To supplement the exhibit on Voltaire, we have conducted further research on the exhibit’s centre piece. It is a handsome standing portrait of Voltaire represented in the later years of his life, with calligraphic flourishes on his jacket, hat under one arm, and a cane in the other, entitled “PRIERE DE VOLTAIRE”. Printed in Paris in 1805, this engraved portrait turns out to be quite rare.
Exhibitions are a matter of team work. First of all, our sincere thanks to Michael David Miller, Liaison Librarian for French Language and Literature from McGill’s Humanities and Social Sciences Library, who helped to prepare and mount the “Celebrating Voltaire” exhibition. As for the image, thanks to Greg Houston of Digitization Initiatives, for digitizing several Voltaire-related imprints; and to Lauren Goldman, Communications Officer from the McGill Library, who integrated this image into various announcements relative to our series “Celebrating Voltaire”. Selection for the exhibition was accomplished in collaboration with the Head of Rare Books and Special Collections, Dr. Richard Virr, who identified and designated this print as the “brand” image for the McGill Voltaire Collection. This flurry of activity of course was inspired by the recent extraordinary acquisition in 2013 of the J. Patrick Lee Voltaire Collection. In the case of this print, we are making connections from the established collections to the topic of Voltaire.
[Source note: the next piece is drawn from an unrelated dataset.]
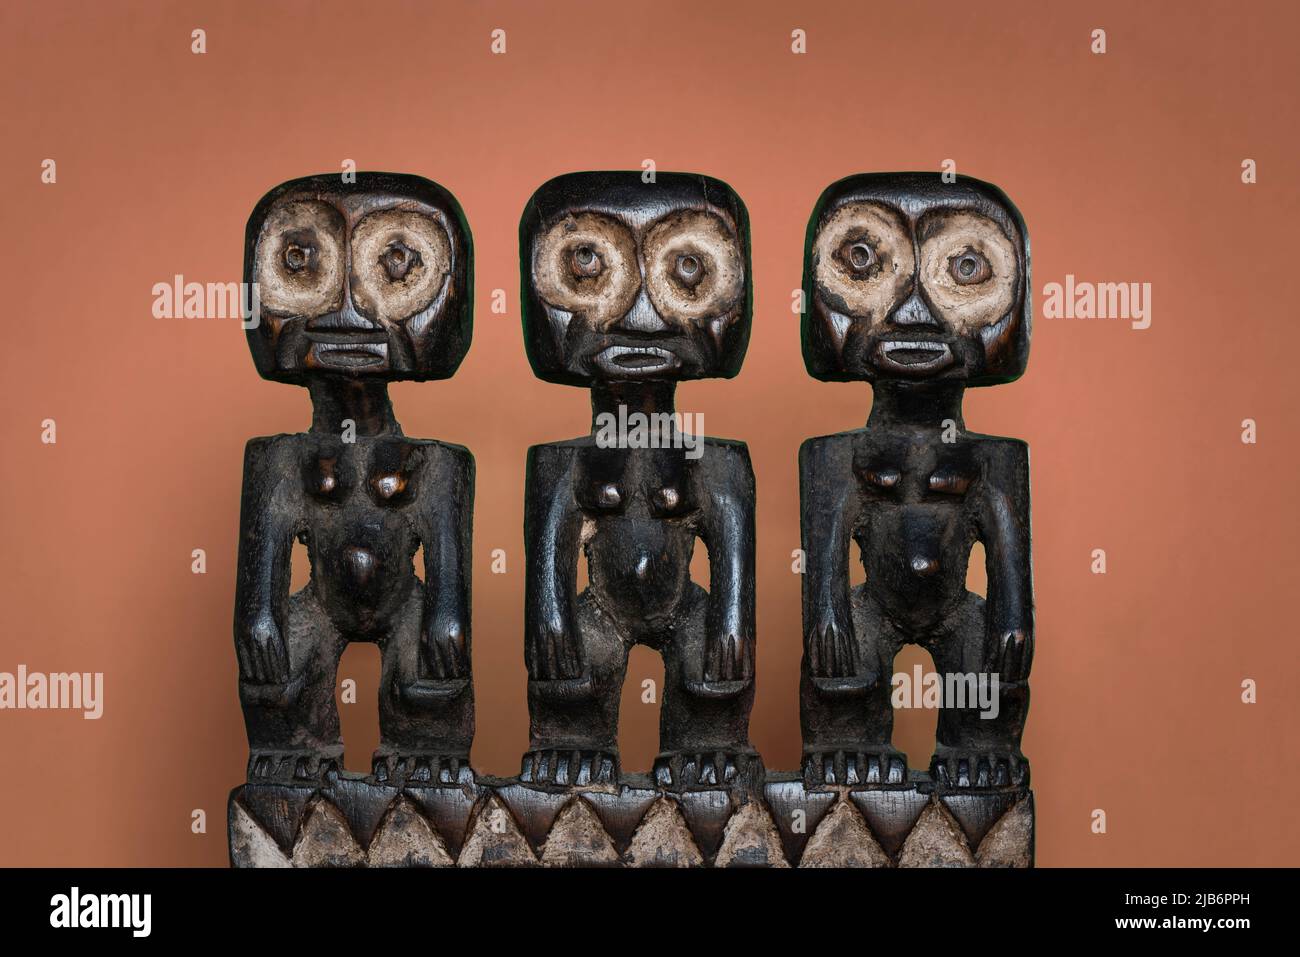 Figuras humanas artesanales de madera tribal africana. Símbolo de fertilidad. Creación decorativa sudafricana. Foto de stock
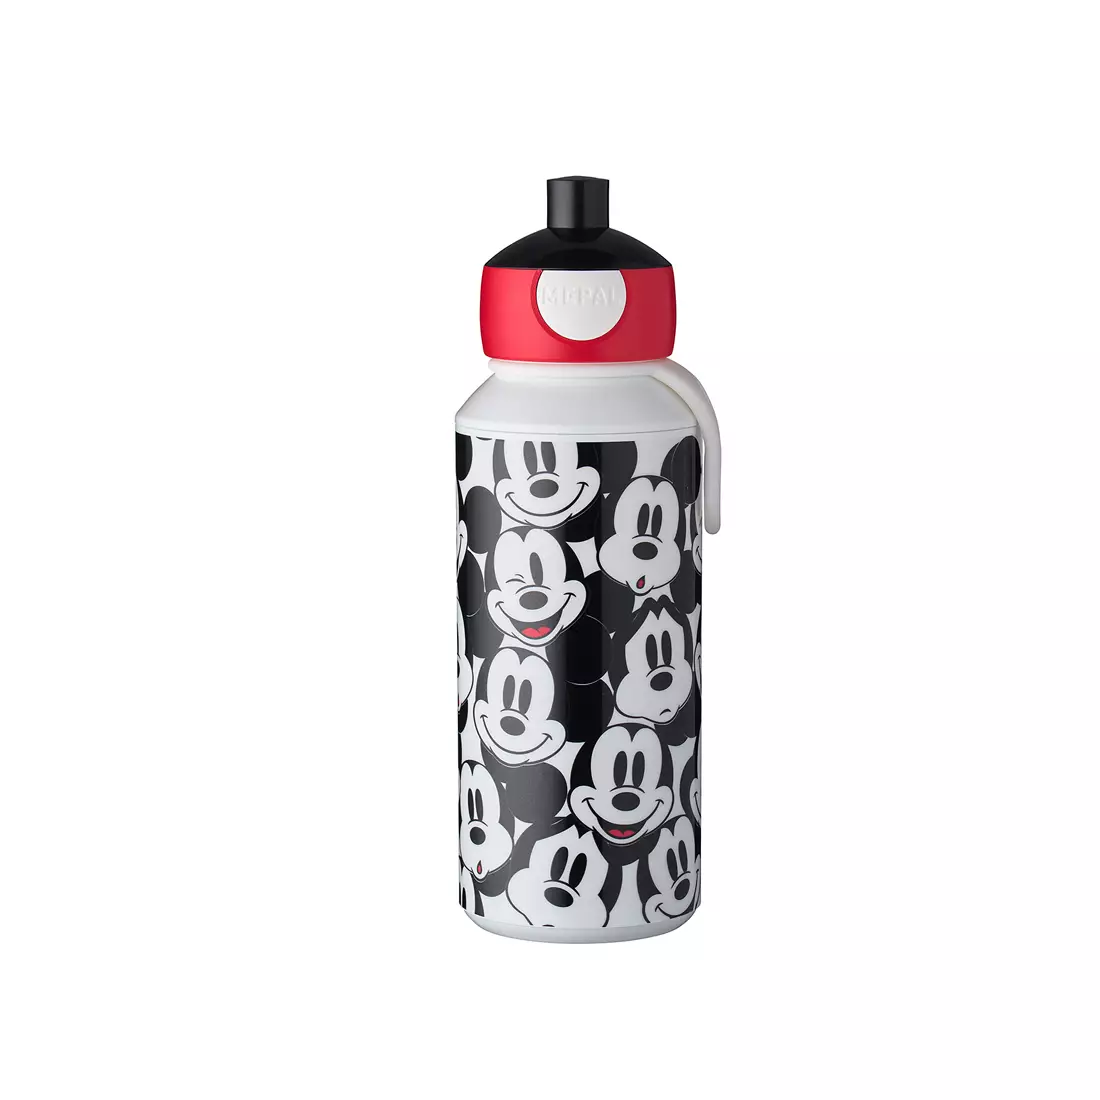 MEPAl CAMPUS POP-UP wasserflasche für kinder 400 ml, mickey mouse

It is uncommon to see an engraving signed by a woman in the early 19th century. Unfortunately we do not know more about Madame Lamothe for the time being.
Secondly, McGill’s use of the print as advertisement has not always made obvious the text printed beneath the portrait: a “Prayer ”engraved in roman lettering, consisting of 8 lines of poetry, in 4 rhyming couplets. In fact, the text can be traced to an earlier print (de Vinck 4102), probably from the 18th century.
The plate is signed on the left side of the portrait as: “Gravé par Madame Lamothe”; and dated on the right side as: “Le premier Germinal An 13” (ie. March 22, 1805). At the bottom centre of the plate, is inscribed the place of printing and publication: “Chez l’Auteur, rue St. Honoré, N°145, pres [sic] l’Oratoir, A Paris. – Déposé à la Bibliothèque Nationale. This print of Voltaire is indeed held at the Bibliothèque nationale de France, but for the moment no other locations can be found, including other institutions in North America.
McGill has the good fortune to possess a second print by Madame Lamothe of the rival “philosophe” Jean-Jacques Rousseau. It is dated “Janvier 1806”, and is entitled: “PENSÉE DE J.J. ROUSSEAU”. The outline for the artistry and the layout for the lettering is almost identical as the former print of Voltaire. In the second example, Rousseau is shown gathering flowers, walking in the opposite direction, hat under his arm, a cane in his hand, and done up with a similar calligraphic treatment of jacket. The image is again accompanied by 8 lines of text, this time in prose, and engraved in the same style of roman lettering. Both prints are of the same plate size: 27 x 18 cm and the same sheet size 33 x 25 cm.
A second state exists in the print collections of the Bibliothèque nationale de France (de Vinck 6333), with the following imprint information: “A Paris chez l’auteur, Rue St. Magloire, no. 2” – which is engraved slightly higher on the plate. We think that the original plate was altered to accommodate this new address and reprinted.
With regards to the source of inspiration for these portraits, we have located two distinct prototypes in the collections at the Château de Versailles, which clearly served as the basis for Madame Lamothe’s particular compositions some 25 years later: one of Voltaire dating from 1778; and the other of Rousseau, dated 1779, signed Moreau le jeune after a drawing by Mayer (ie. Georg Friedrich Meyer).
It is not odd to pair the images of the two philosophers – both died in the same year, 1778, and both were instrumental somehow in the French Enlightenment. Their images circulated widely following their deaths. These works suggest the continued importance of the two philosophers at the time of the creation of these two engravings (1805 and 1806).
As for their entry into McGill collections, the prints were accessioned as a pair, roughly between 1946 and 1965, into the European folio print collection, inventoried as numbers 44a/ 44b.
There is much more to gather about the artist, the scarcity of the prints, and their provenance. We invite you to have a look at the “Voltaire” engraving while it is on view in the exhibition, and look forward to any feedback concerning the possible locations of these prints elsewhere in the world.